Berman will have the opportunity to explore this heritage for herself next year, as well as be part of an international scientific collaboration. A Fulbright Research Grant will allow Berman, a biology major with a concentration in neural and behavioral science, to join a research team at the Max-Planck Institute of Neurobiology's Axonal Guidance and Neural Connectivity Laboratory in Martinsried, Germany.
She'll participate in studies related to retinal axon guidance, which refers to the formation of the neural circuit that allows for vision.

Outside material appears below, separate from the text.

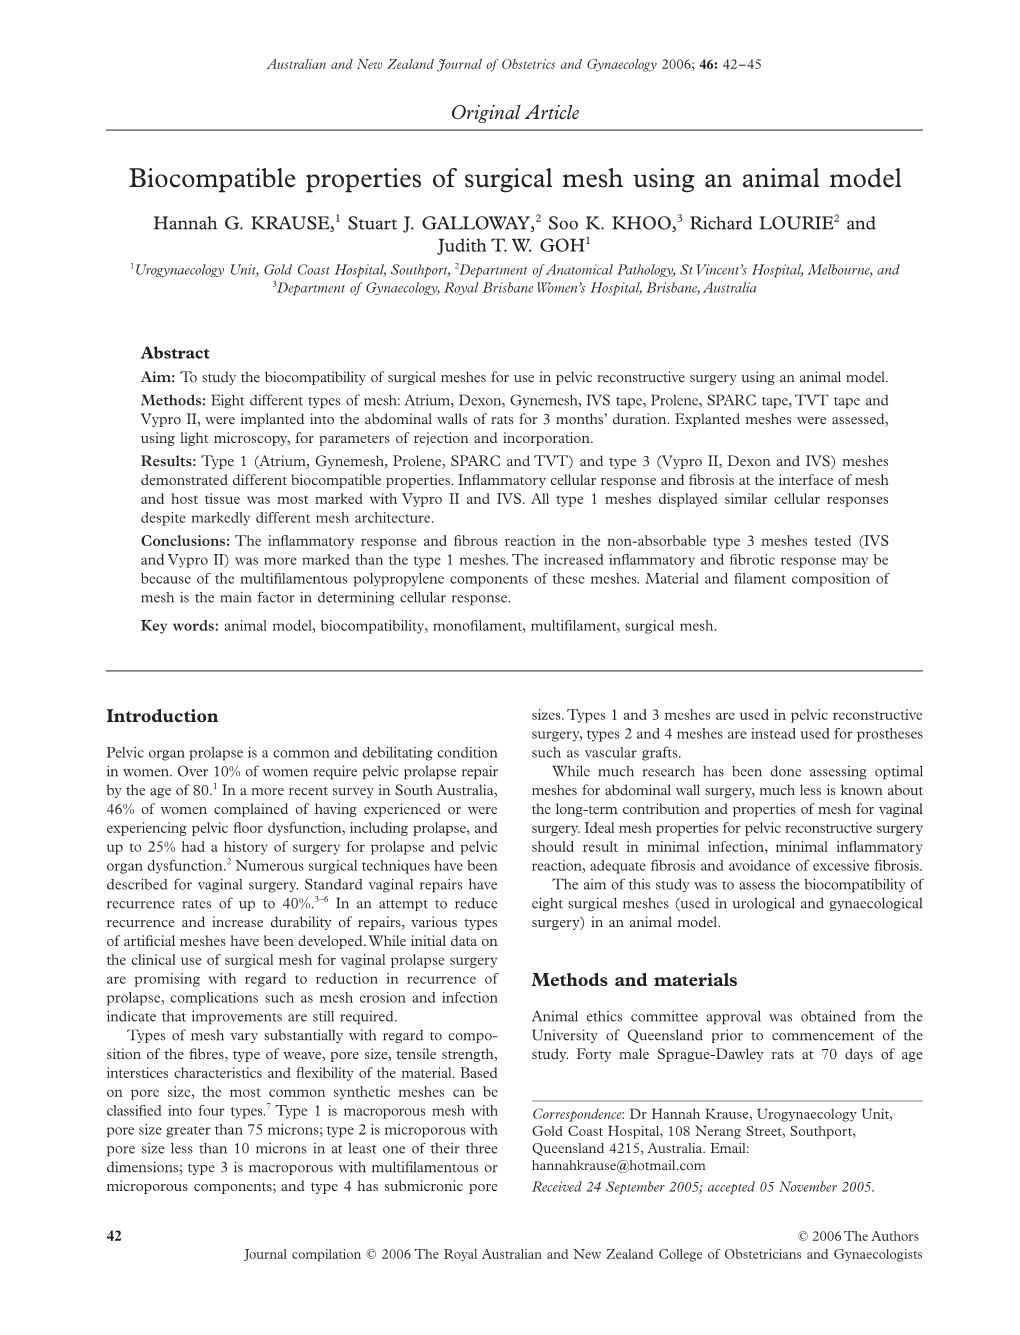 Biocompatible Properties of Surgical Mesh Using an Animal Model
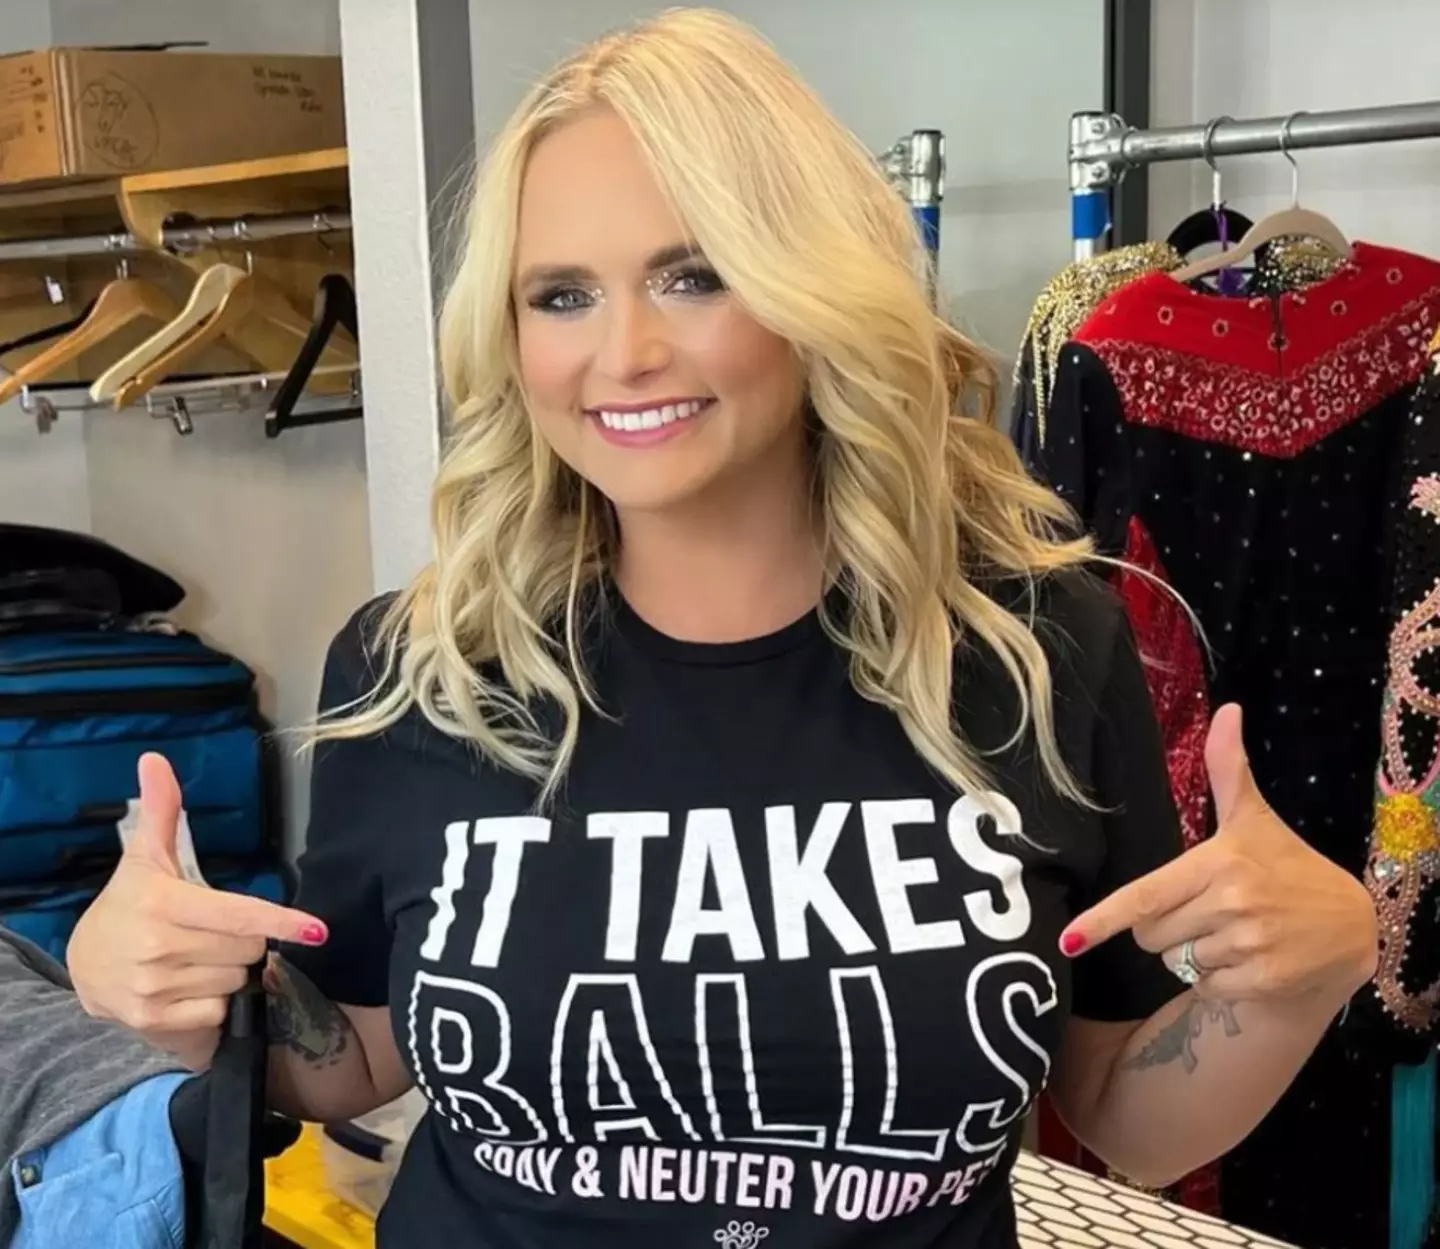 Miranda Lambert shared this image to Instagram days after going viral for telling off fans at a concert.

Axons, the wires through which information flows in the nervous system, travel from the eye to the target area in the brain where visual input is processed.“Our goal is to understand what cues and molecules allow for the formation of the appropriate neural circuits so information obtained from the environment can be processed,” she says.
In order to achieve this, Berman and her colleagues will investigate the proteins necessary to form visual circuits in flies.“One of the possible practical applications of this research is to learn how to rewire neural circuits that have been destroyed by injury or disease,” she says.
Berman is indebted to her advisor, Assistant Professor of Biology (and Haverford alumnus) Andrea Morris '91, for her help and guidance.“She has given me invaluable support during the research process, encouraging my ideas as a scientist,” she says.
Outside of her lab work, Berman hopes to immerse herself in German culture; although she studied abroad in Europe at the University of Edinburgh during her junior year, she was unable to travel to Germany during that time.“I especially want to visit the cities where my grandparents lived and which they discuss in their stories,” she says.